Mattie Jacks obviously has a few intimidation skills of her own, but you have no intention of being so easily quelled. If the little chit thinks forcing you to speak first will put you at a disadvantage, you have no aversion to teaching her otherwise.
“Is it customary for you to keep your guests standing in the hall?”
“Generally?” She shakes her head. “No.

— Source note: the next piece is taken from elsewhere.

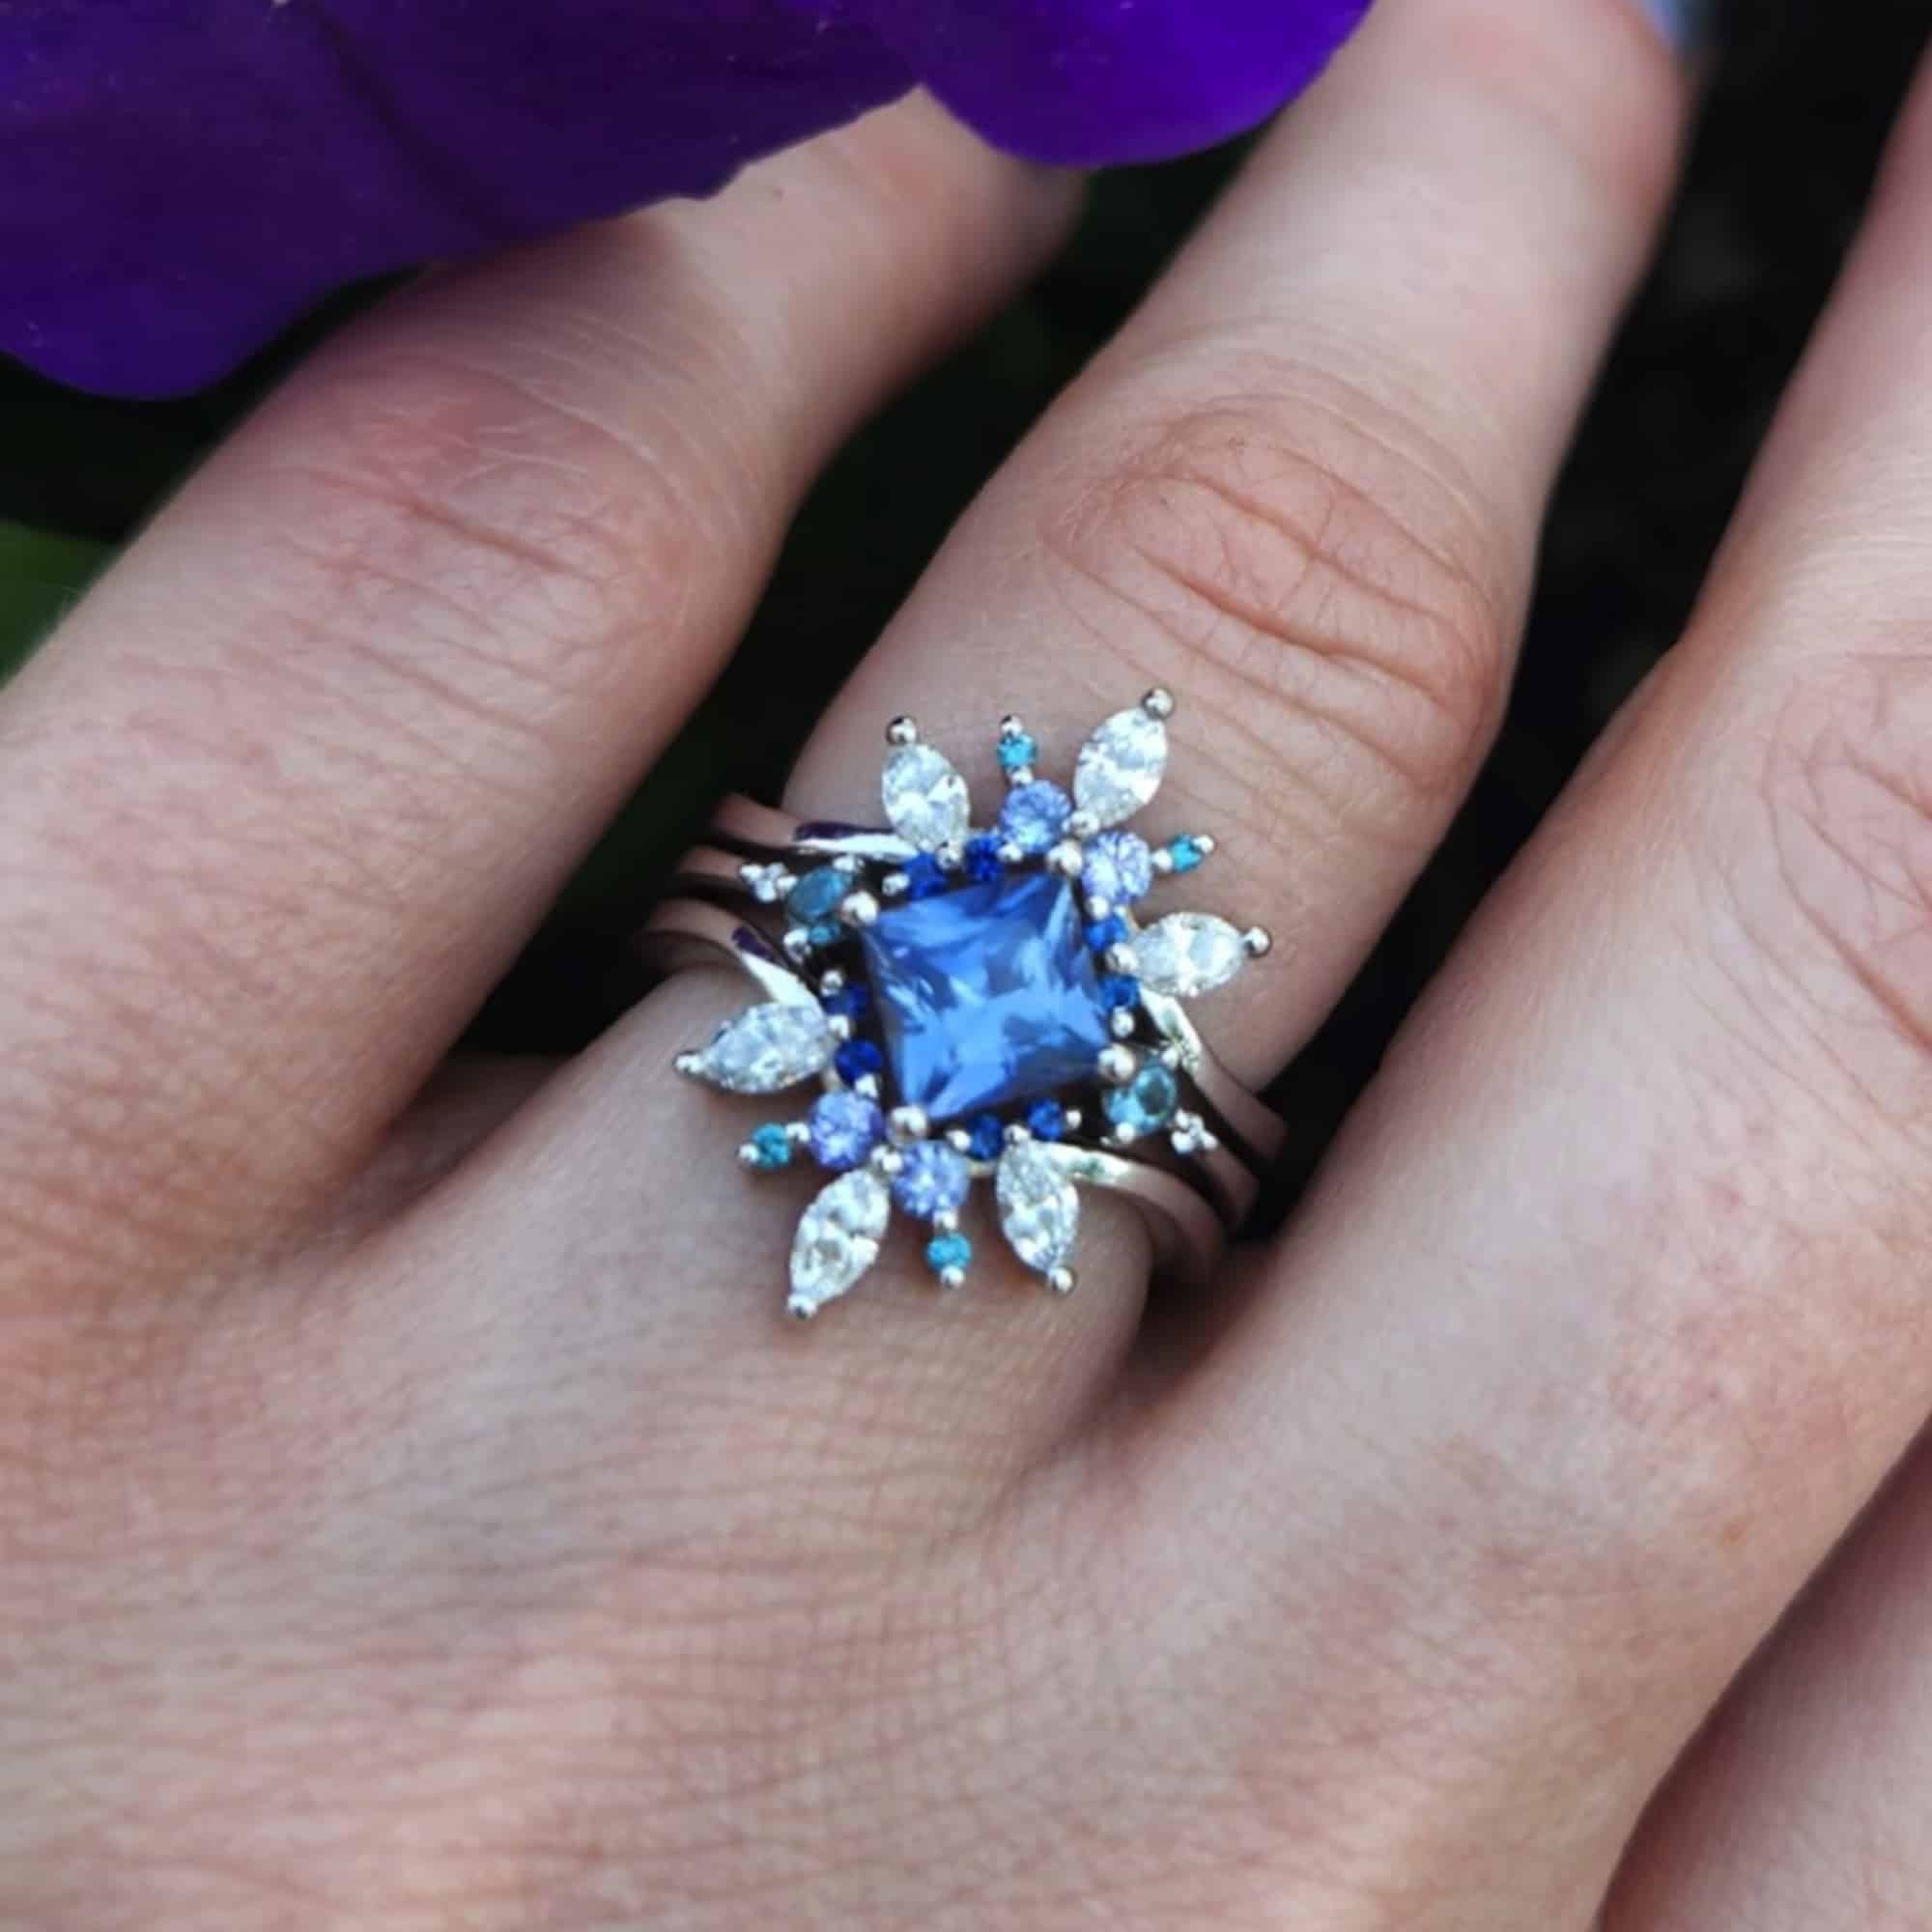 A photo from a customer review featuring a "Selene" ring with square blue sapphire and a "Selene" double band jacket on a hand against purple and pink flowers

But I didn’t realize this was a social call. Since it is I guess you can join me in the kitchen. I was just finishing breakfast. Would you like some tea?” She asks the last over her shoulder as she walks away, leaving you little choice but to follow. To the kitchen. You refuse to acknowledge that you’ve lost any ground.
“Tea would be lovely, thank you.”
In the kitchen a bright copper kettle sits on the range. Mattie Jacks picks it up and waves toward the table. “Have a seat. This will just take a second.”
You approach the table cautiously. It is yellow. Formica. The chairs are aluminum with faded plastic covers. You pull one out and inspect it carefully. You glance at Mattie Jacks to see she is sifting tea into an infuser. Obviously Bobby taught her to make tea properly. You watch, one hand on the clasp of your purse, as she pours steaming water into a fat china teapot, adds the infuser and places it on an enameled tin tray beside two mismatched mugs, a glass sugar bowl, two spoons and a carton of non-dairy creamer. She picks up the tray and turns around. You pop the clasp on your purse and pull out a handkerchief, spreading it carefully over your chair before sitting down.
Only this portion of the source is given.